# giving an adult riding lessons...



## luvmyperch (Oct 5, 2009)

As an adult, I can tell you that I have NO problems taking lessons from someone younger than me. My goals and needs are a bit different from younger kids. Take it as slow as she wants to go. Ask her what things she has been doing and what things she would like to work on, just to get started, then take over as "trainer" after the first lesson or two. Confidence is a BIG issue as we get older. Fear of getting hurt can impair adult riders ability to move as quickly as the kids. Before starting, ask her what her goals are. Does she just want to learn to ride a horse? Does she want to show? Does she want to excel in a particular discipline or learn the basics in several? Does she hope to one day have her own horse? Riding is very personal for adults, and they seem to have very individual goals and expectations. Also try to get a feel for how serious she wants to be, and that should help you determine how "tough" to be with her. I've found trainers that are used to "fluff" with the kids and aren't critical enough with me. I've also found trainers that are used to cracking down with the kids and try to push me way too far past my comfort zone. It's going to be a bit of a different relationship than with the kids, more open and discussion like, than the usual dictatorship with kids. 

I know many trainers prefer teaching kids where they have more control. I wish trainers would just keep in mind, most adult riders are there becasue they have always had a love for horses and can now well afford it. You're not dependant on parents paying you, you'll never have them disappear for weeks because they got grounded, adults won't lose interest when they discover boys, and they're usually more than willing to learn about everything in the horse world and help with ANYTHING around the farm. Adult students can give you some sanity after dealing with kids all day!

Hope this helps!


----------



## horsea (Dec 28, 2009)

Thank you so much! That really helps me. I wasn't too sure if I could do it but I am getting the confidence that age doesn't matter. She has already bought a horse and I am riding him for her to keep him in shape (That is how we met  ) so I have decided to teach her to ride better and teach her how to train a little.


----------



## luvmyperch (Oct 5, 2009)

Oooh, even better! I just bought my first horse in 10 years. I owned and showed H/J's for 12 years growing up, but just couldn't afford it after I was on my own, even when I was still working on farms. I have really different goals now, most importantly being the very best owner I can be for Danny. Although I'd like to get back into showing a bit, I just enjoy spending time with him and making our training sessions fun for both of us. I'm guessing this is her first horse? I'd go into a bit more detail during lessons about the "whys" of your corrections to her riding, and explaining the "whys" of her horse's reactions. 

Best thing I can offer is to think more like a mentor or a coach with her. Good luck and let us know how it goes!


----------



## mls (Nov 28, 2006)

horsea said:


> so I have decided to teach her to ride better and teach her how to train a little.


You decided or she asked?


----------



## horsea (Dec 28, 2009)

mls: She asked me to give her lessons but has hinted to me saying things like "how can I get him to do that" and "how can he do that better" so I will help her with with those type of training things as well.

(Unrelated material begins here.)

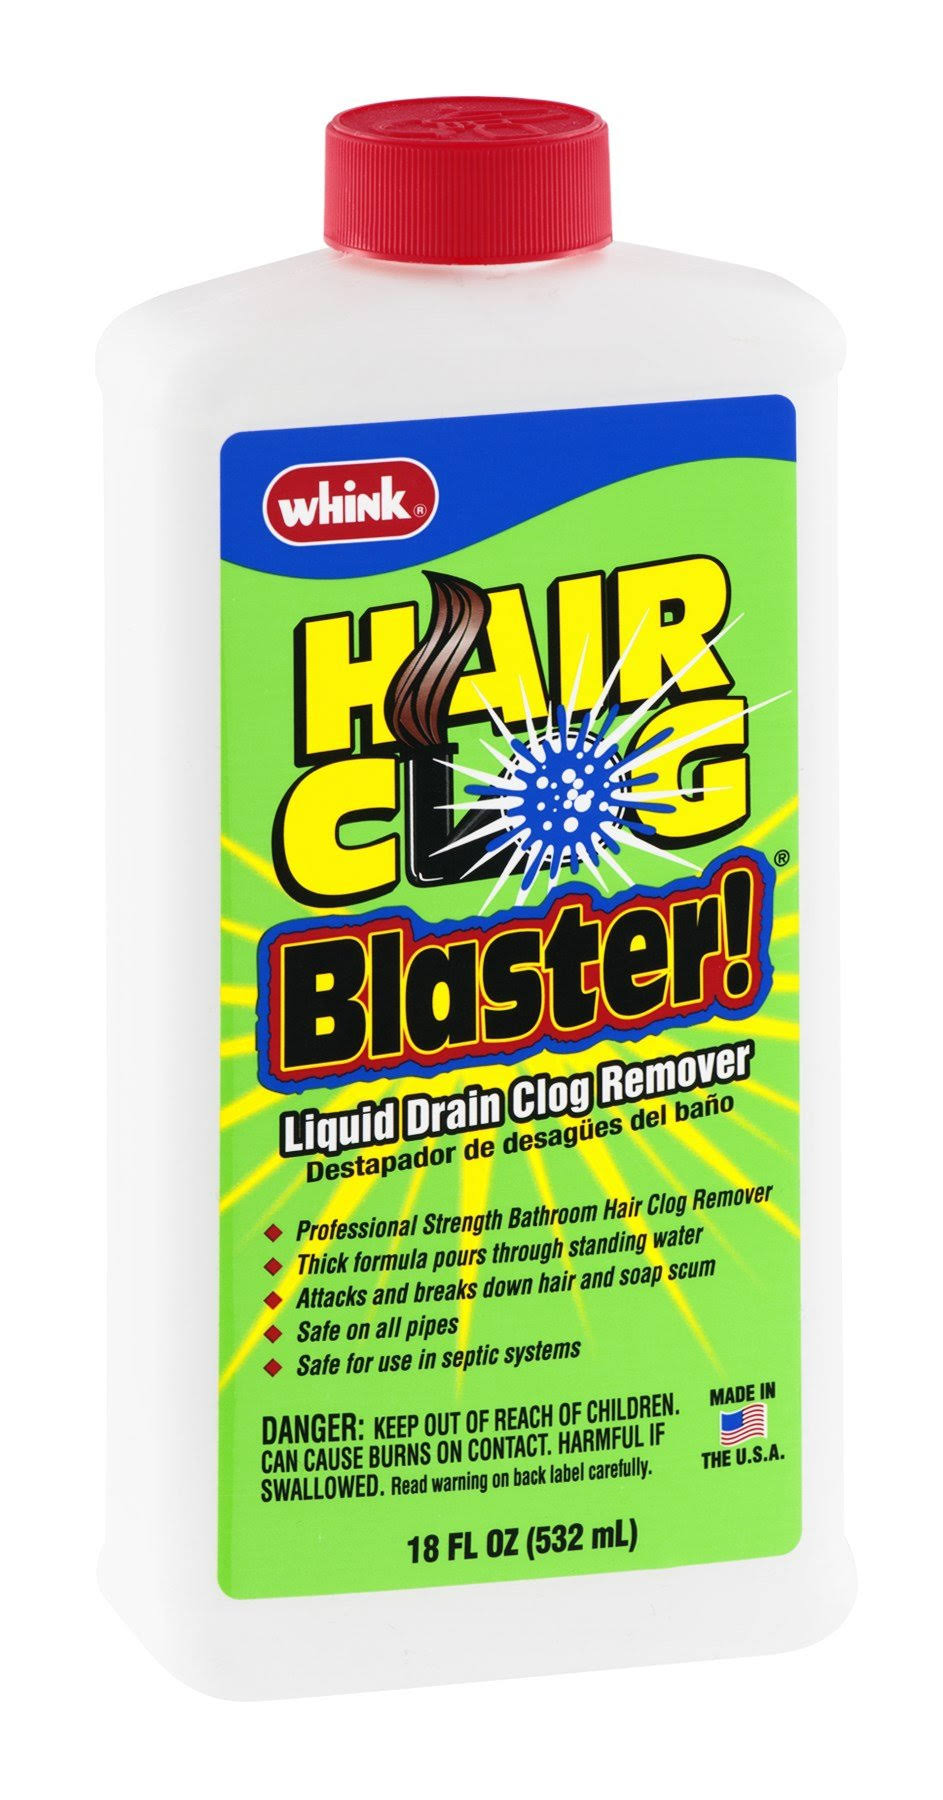 Whink Hair Clog Blaster! Liquid Drain Clog Remover - 18 oz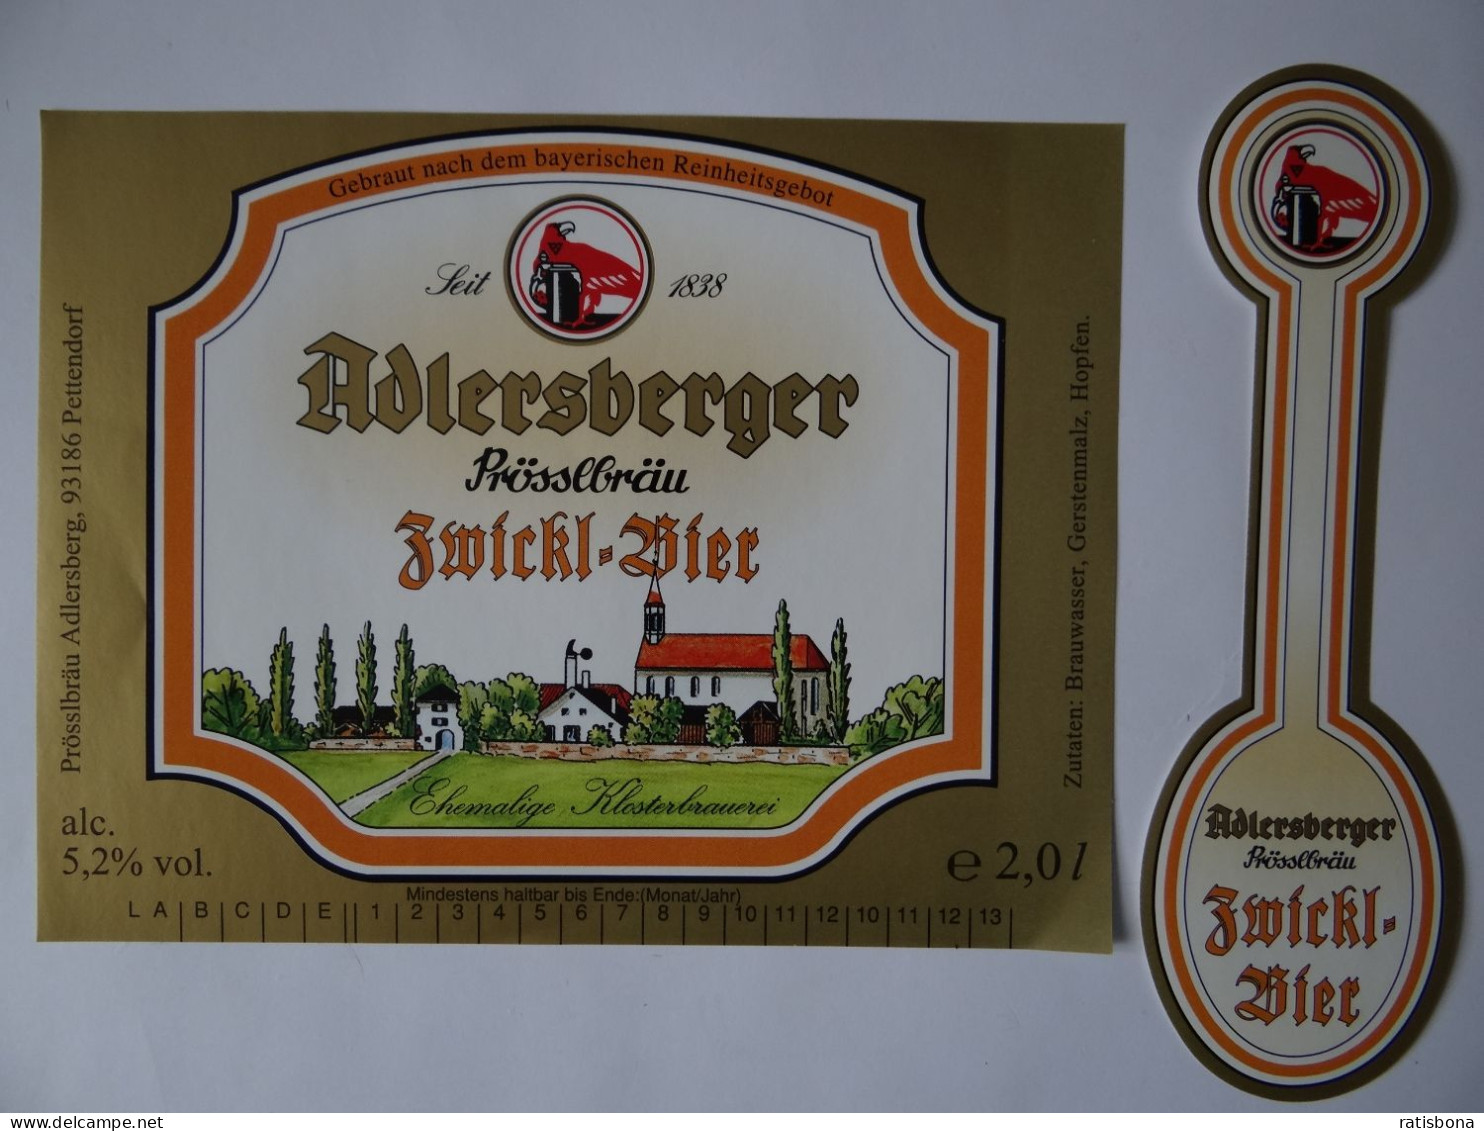 5 + 1 Bier-Etiketten, Plus 2 Liter Zwickl, - Prösslbräu, Adlersberg, Bayern, Germany - Bier

I believe that you can become a better rider not only by riding but also by doing groundwork. I have already showed her how to lunge her horse and how to do things that are better for him, which I believe every rider needs to know before they ride. 

luvmyperch: She has always loved horses but she could never afford one, but now she can. She wants to just be able to ride on the trails by herself and do one of our barn fun shows. Thats a good idea, thank you, I will plan the lessons for more fun horse & owner things and focus more on the reasons why!


----------